Limitations & Future Work¶

Locality constraint: the fixed-radius microenvironment definition cannot capture tissue reorganization events spanning larger spatial scales.
Pairwise temporal modeling: adjacent time points are modeled pairwise, lacking global temporal consistency constraints across multiple time points.
Heuristic distribution family selection: the choice of Laplace/Gaussian is based on empirical intuition without an adaptive mechanism.
Evaluation limitations: 1NN-F1 depends on the accuracy of pretrained classifiers, which may introduce bias.
2D spatial coordinates only: the current framework handles only 2D spatial coordinates and has not been extended to 3D tissue reconstruction.
Gene expression dimensionality reduction: the use of the top 50 PCA components may discard subtle trajectory-relevant gene expression differences.
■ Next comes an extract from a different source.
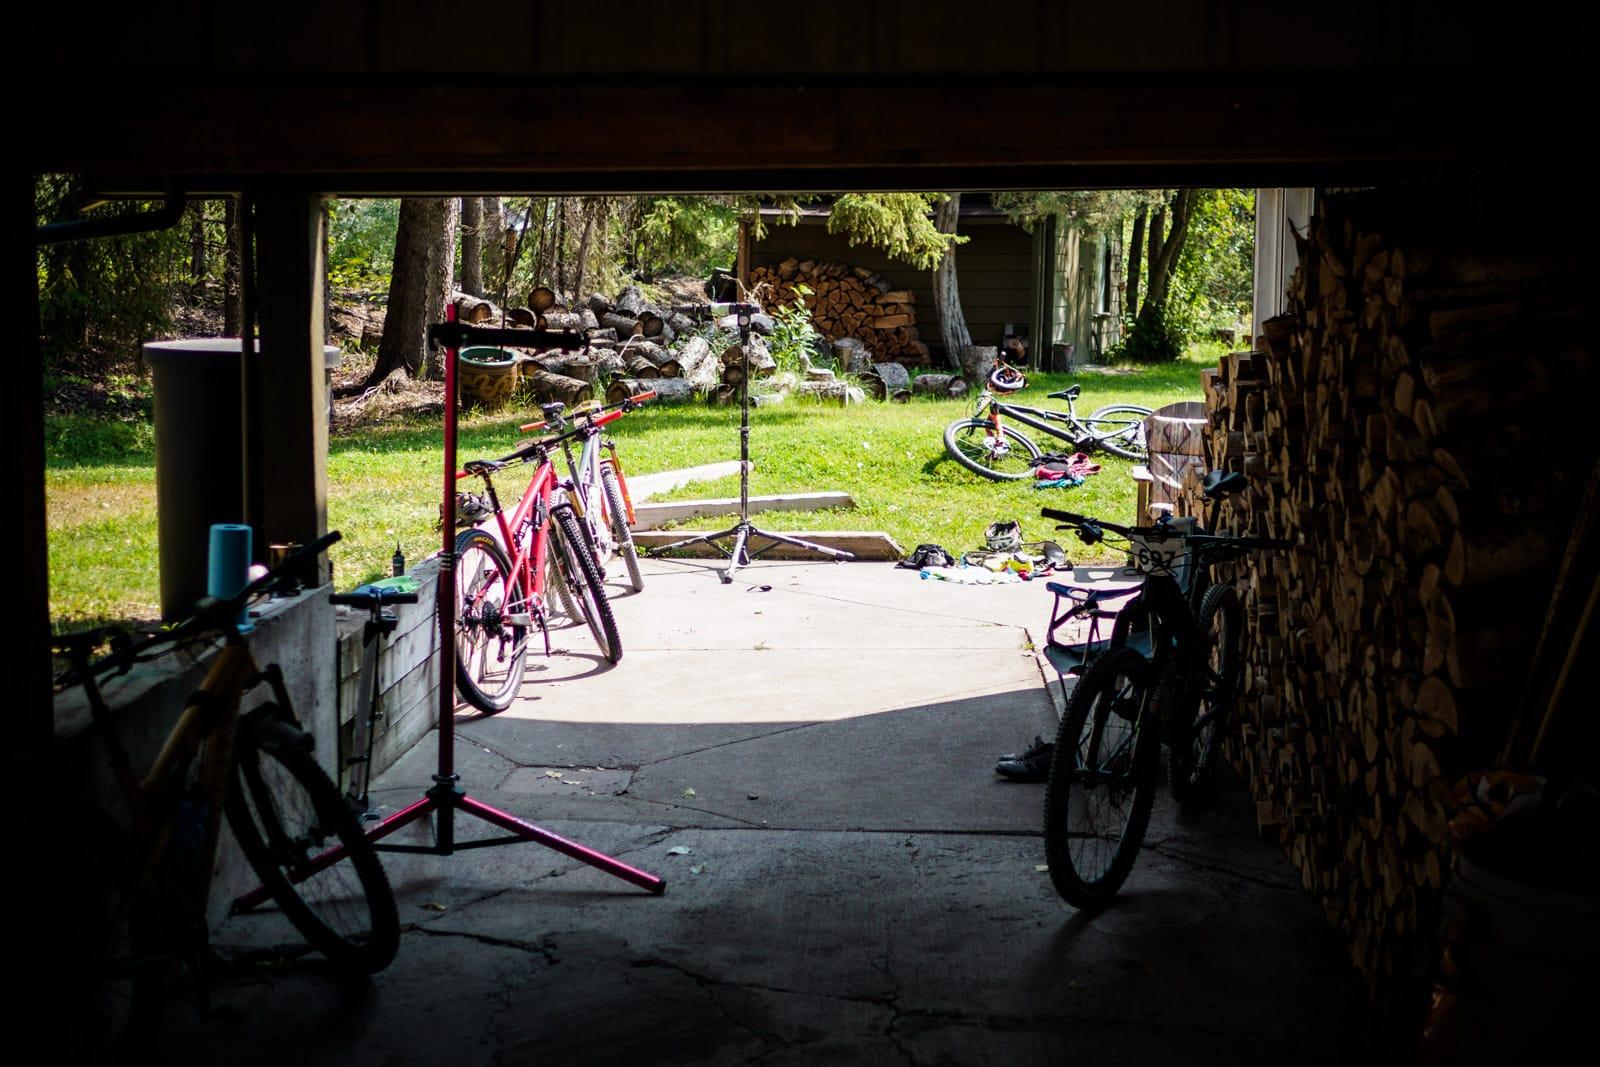 Santa Cruz Bicycles - Quiet Moments Between Stages at Singletrack6
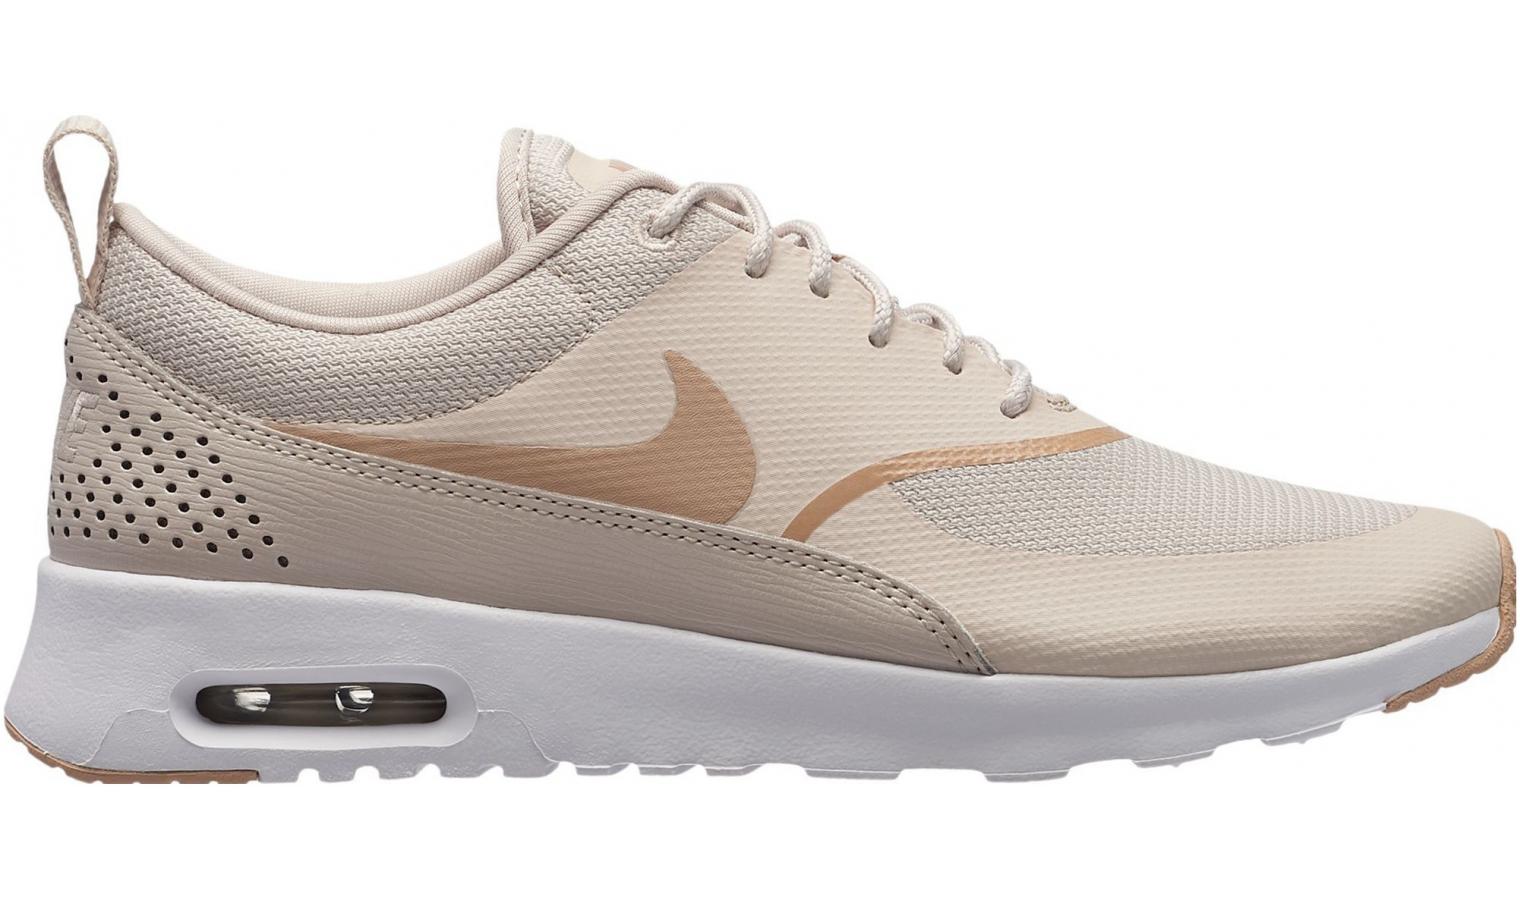 7e7604548149 ... Dámske tenisky Nike AIR MAX THEA SHOE W béžove. 0 EUR Zľava

moscot (Klein et al. 2025): single-cell-level Fused Gromov-Wasserstein OT; exact OT is difficult to scale and exhibits significant mass leakage in spinal cord/neural crest tracking experiments.
LUNA (Yu et al. 2025): diffusion-model-based spatial coordinate generation; does not model temporal dynamics and serves only as a spatial generation reference.
Wasserstein FM (Haviv et al. 2024): Wasserstein FM for point cloud generation, but does not address joint coordinate–feature generation or OT-based temporal trajectories.
DeST-OT (Halmos et al. 2025): semi-relaxed OT for aligning spatial sections, preserving transcriptomic and spatial proximity, but is not a generative model.
SpaTrack (Shen et al. 2025): single-cell trajectory inference using Fused Gromov-Wasserstein OT; does not handle microenvironment structure.
VFM (Eijkelboom et al. 2024): original VFM for graph generation; this work extends it to point cloud generation with a mixed distribution family.

Rating¶

Novelty: ⭐⭐⭐⭐⭐ — First to propose a microenvironment-level spatiotemporal trajectory inference paradigm; mixture-factorized VFM represents a methodological contribution.
Experimental Thoroughness: ⭐⭐⭐⭐ — Quantitative evaluation on three datasets plus qualitative biological validation in two scenarios, with complete ablation studies.
Writing Quality: ⭐⭐⭐⭐⭐ — Rigorous theoretical derivations, clear motivation, polished figures, and convincing biological validation.
Value: ⭐⭐⭐⭐ — Introduces a new computational paradigm for spatial transcriptomics, though the application scope is limited to a specific bioinformatics domain.